The new API moves PrismVideos closer to the picks-and-shovels layer. The example request in Khanna's post uses runtime: "hermes", model: "anthropic/claude-sonnet-4.5", Docker sandboxing, a persistent filesystem, MCP tool definitions and feature flags for memory, dreaming, automations, steering and filesystem webhooks. The brand boundary is still loose: the post uses a PRISM_API_KEY while the sample response points to api.prismagents.com. Pricing, service-level commitments, beta status and customer count are not disclosed.
The competitive point is time-to-parity
Khanna's strongest point is not that Hermes is the final answer. It is that the harness layer is moving too quickly to be a durable moat for most vertical AI products. He describes Nous Research's Hermes as an open-source personal agent with 185,000-plus GitHub stars at the time of writing. The number is from Khanna's post, but the strategic point does not depend on the exact count: if a shared runtime gives teams memory, tools, automations and filesystem semantics out of the box, a product team that builds all of that itself starts each cycle behind.

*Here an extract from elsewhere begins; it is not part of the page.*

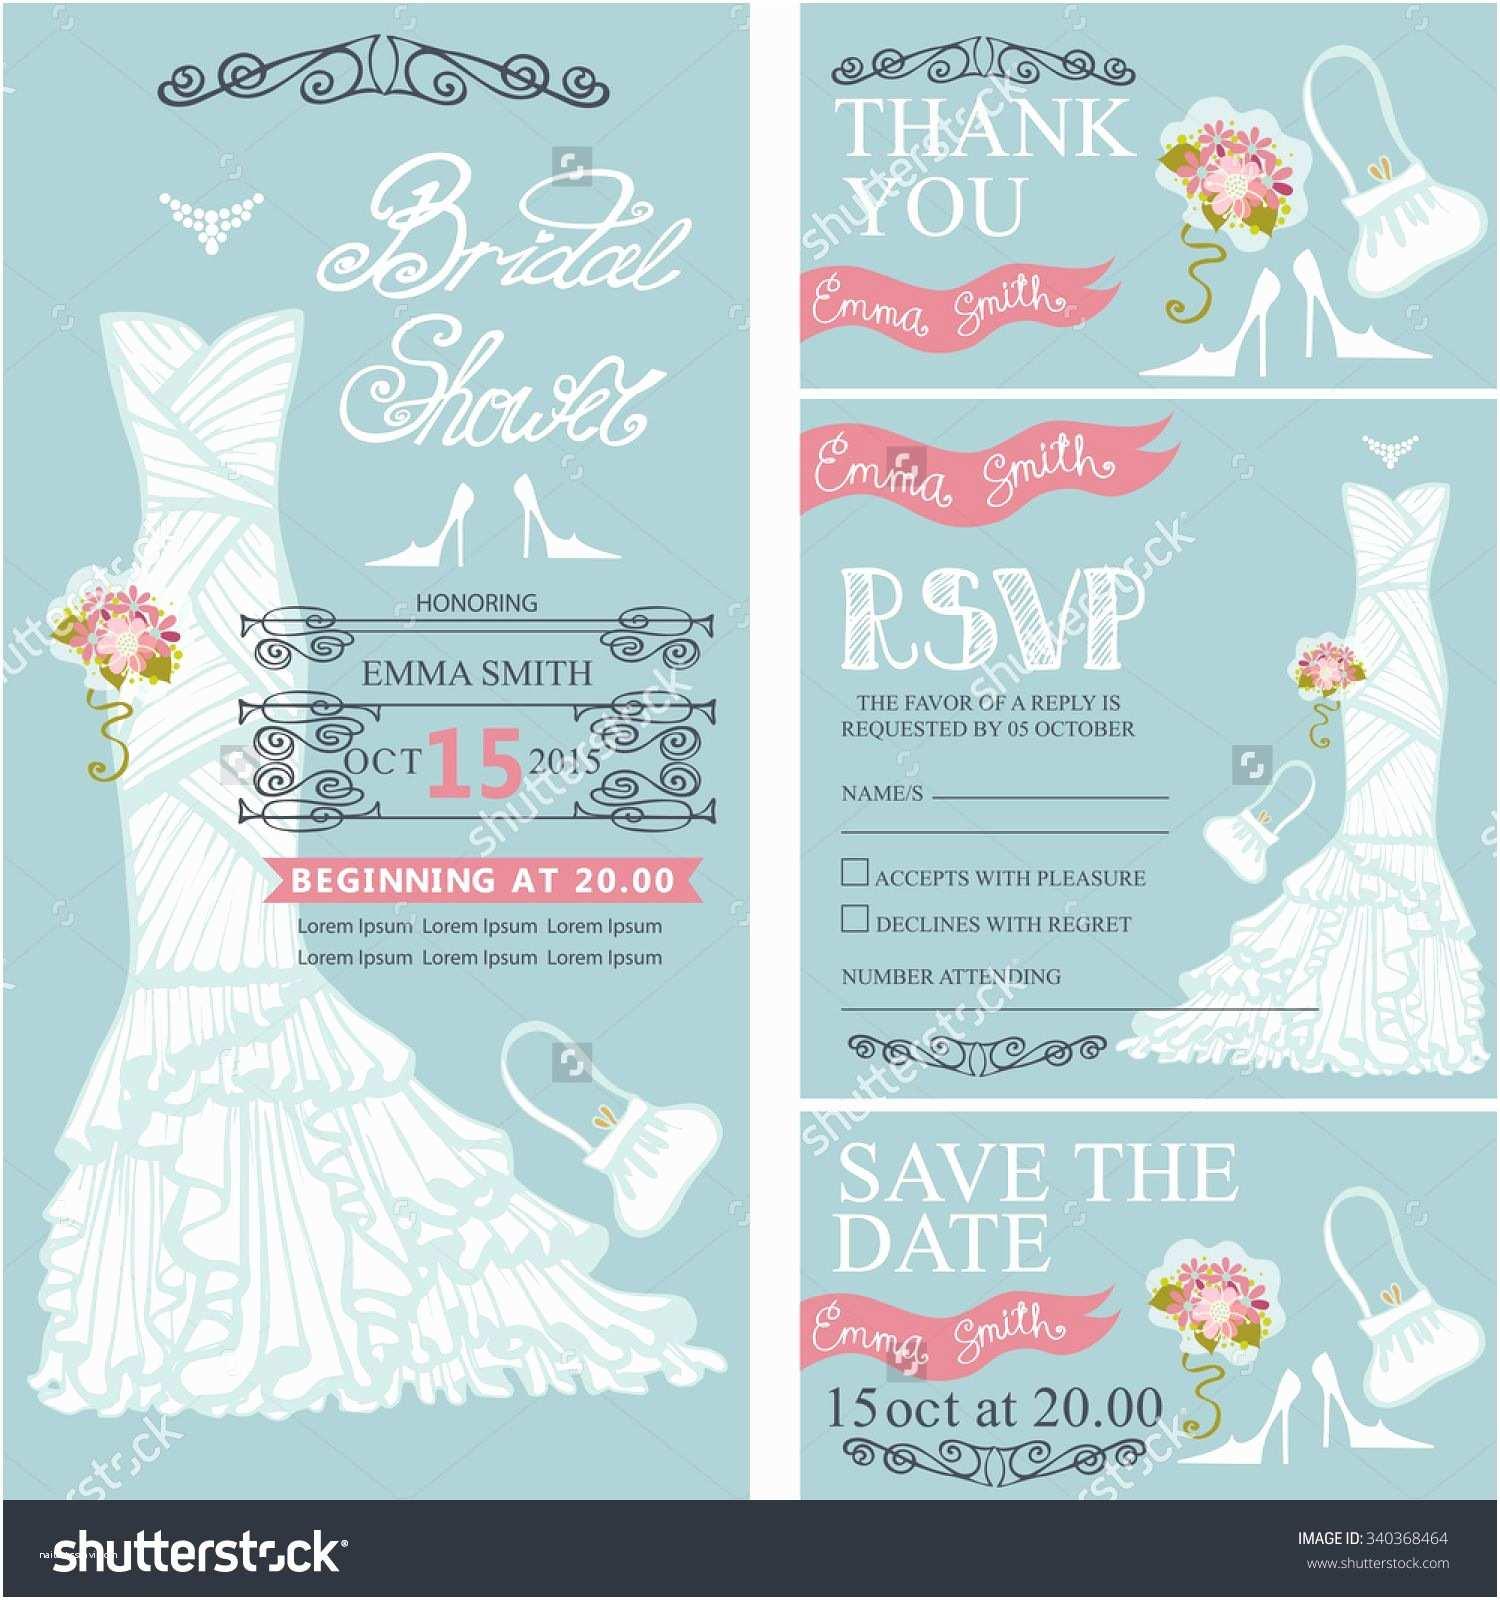 Online Bridal Shower Invitations Wedding Shower Invitation Wedding Shower Invitations

Khanna also points to LangChain's Managed Deep Agents and Anthropic's writing on harness design for long-running agents as signs that the abstraction is converging. Application teams want to specify behavior and proprietary capabilities, not repeatedly implement session management, credential handling, browser access, sandboxing and long-running task orchestration.
That pattern is showing up outside media generation as well. RuntimeWire reported in May that Zerostack shipped a small Rust-native coding agent with multi-model support, a terminal UI, sandboxed bash and permissions. Different market, same pressure: agent builders are packaging the operational layer because end users increasingly expect ChatGPT- and Claude-like behaviors inside specialized software.
The unanswered question is who owns the agent runtime
PrismVideos' bet is founder-friendly in the practical sense: stop doing undifferentiated work, ship the customer-facing workflow. Khanna writes that AI agent products are more likely to create differentiated value by integrating with customers' proprietary data and learning their preferences than by creating the best harness for a particular use case.
That is also where the risk sits. If Hermes becomes the standard primitive, PrismVideos' API has a clear story. If OpenAI, Anthropic, LangChain, Vercel or another managed-runtime provider turns the same feature set into cheap infrastructure, PrismVideos must prove that its hosted Hermes implementation, media workflow expertise or developer experience is enough to matter beyond PrismVideos' own app.
For now, Khanna has put a name to a real tradeoff facing AI application teams. Every hour spent reproducing memory, skills, browser tools, automations and container isolation is an hour not spent encoding what the product knows about its users. PrismVideos is betting that more teams will choose the runtime shortcut, even if the winning runtime is still being decided.